PALYNOLOGICAL CORRELATION OF A LATE DEVONIAN DROPSTONE IN KENTUCKY WITH DIAMICTITE-BEARING SECTIONS IN MARYLAND AND PENNSYLVANIA
Highly carbonized palynomorphs have also been recovered from sections that include diamictites at three localities, ca. 500 km to the east, at Sideling Hill, Maryland, La Vale, Maryland, and Crystal Spring, Pennsylvania. Although these palynomorphs are poorly preserved, stratigraphically important taxa can still be recognized, allowing the diamictite units in these sections to be assigned to the LN Miospore Biozone and the preceding Retispora lepidophyta - Indotriradites explanatus (LE) Biozone. The palynologic evidence supports previous lithostratigraphic and gamma-ray correlations between the Kentucky and Appalachian sections. It also provides firm evidence of a late Famennian age for the alpine glaciation/deglaciation responsible for deposition of the diamictites and related sediments.

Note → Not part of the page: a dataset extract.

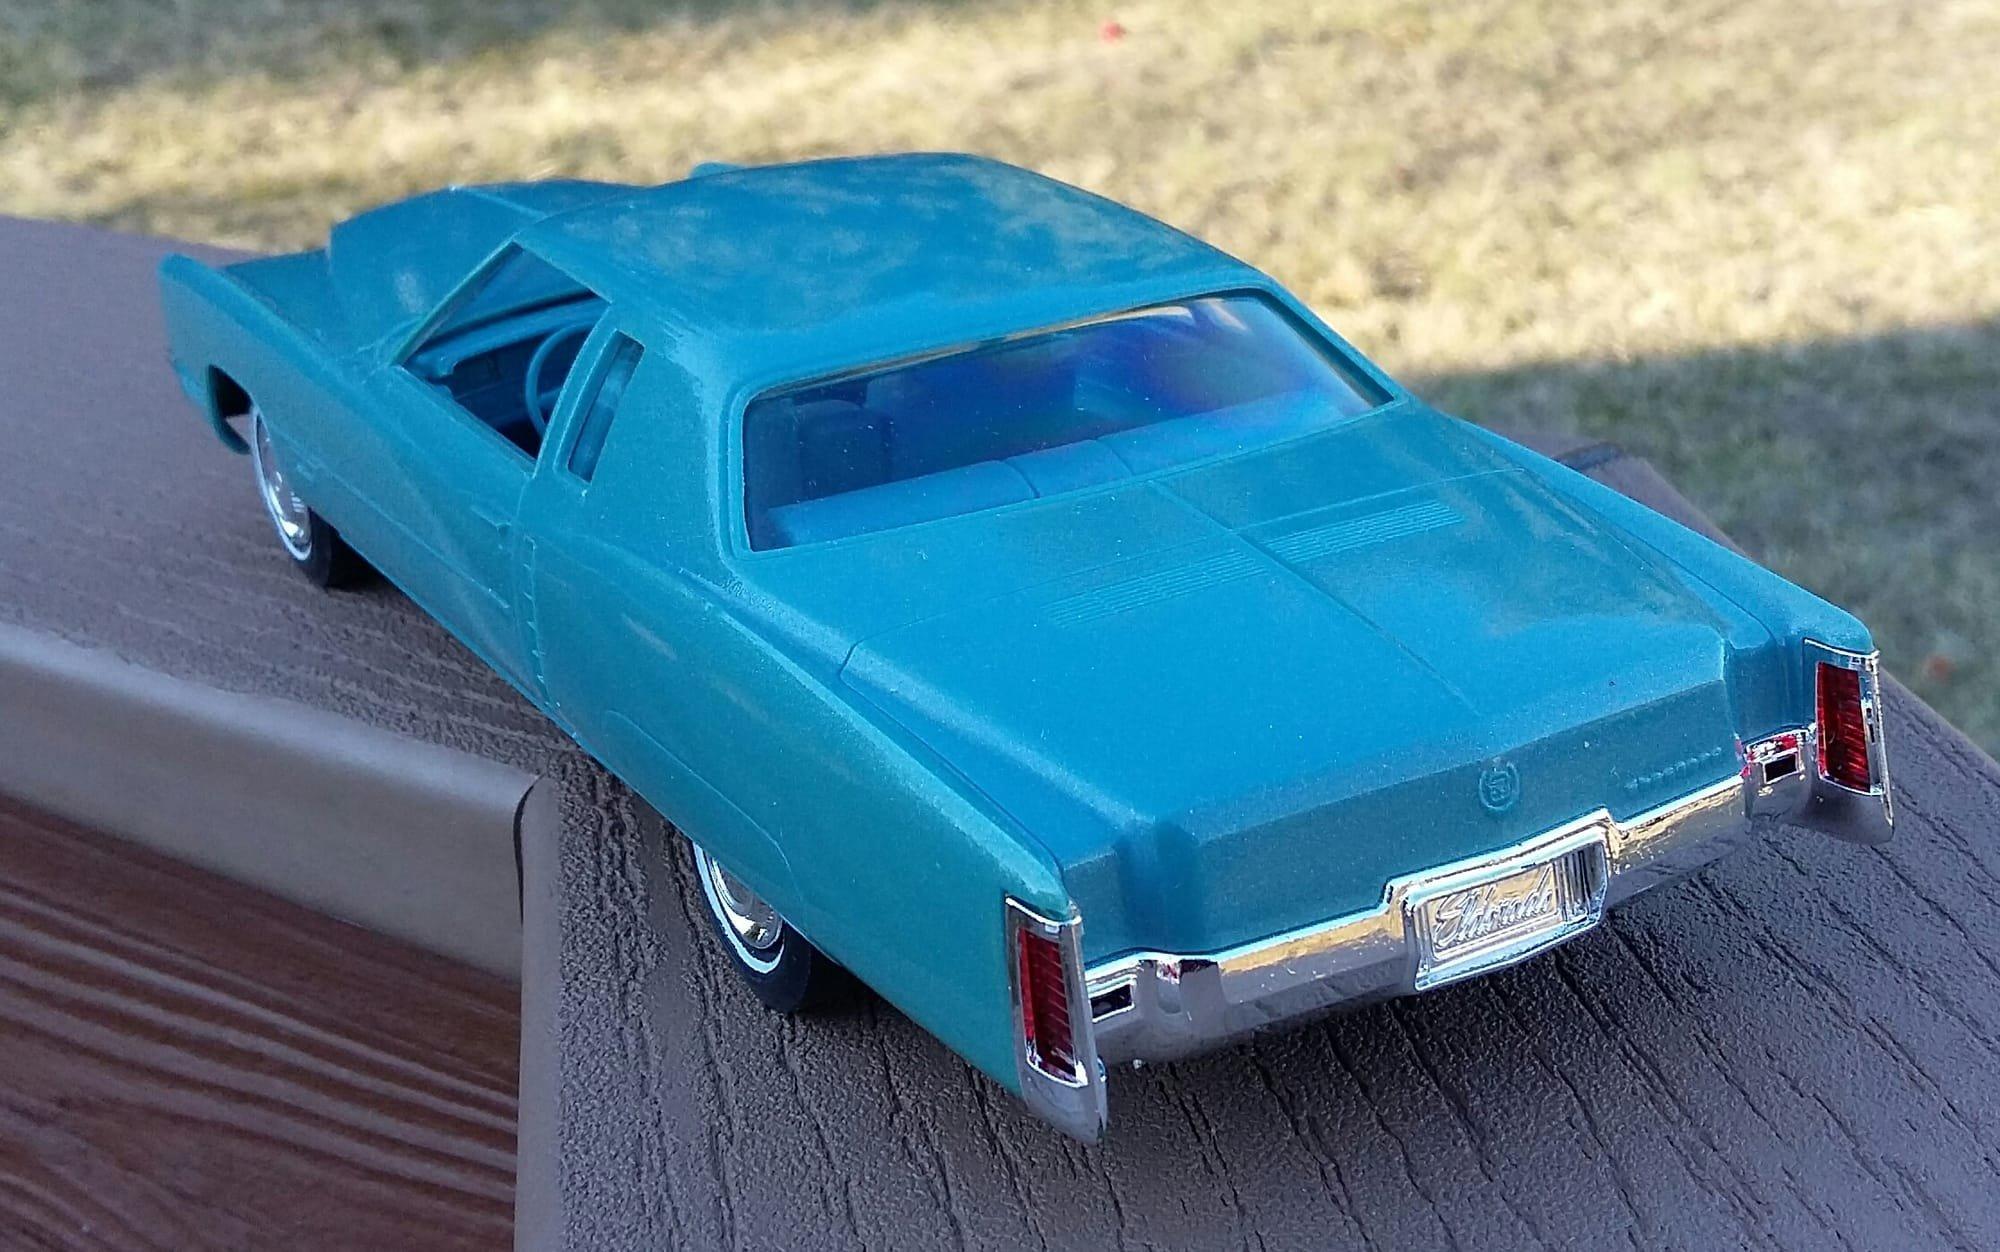 Obsolete Auto Dealer Showroom Collectibles Promos Toys 1971 El Dorado Headlight Wiring Harness Stock 8621971 Cadillac Eldorado Coupewith Free Us Shipping 48 States

The sections studied can be correlated palynologically with Gondwanan, high-paleolatitude, marine diamictites, such as those at Bermejo, Bolivia. They can also be correlated with well-known sections in Belgium, permitting calibration against the 'standard' Famennian conodont zonation. Late Famennian miospore assemblages from Euramerica are similar to those from western Gondwana, though some distinctive taxa are restricted to the latter. However, some of the index species of the European-based miospore zonation are relatively rare in both western Euramerica (USA) and western Gondwana (Bolivia / Brazil) compared to eastern Euramerica (Europe).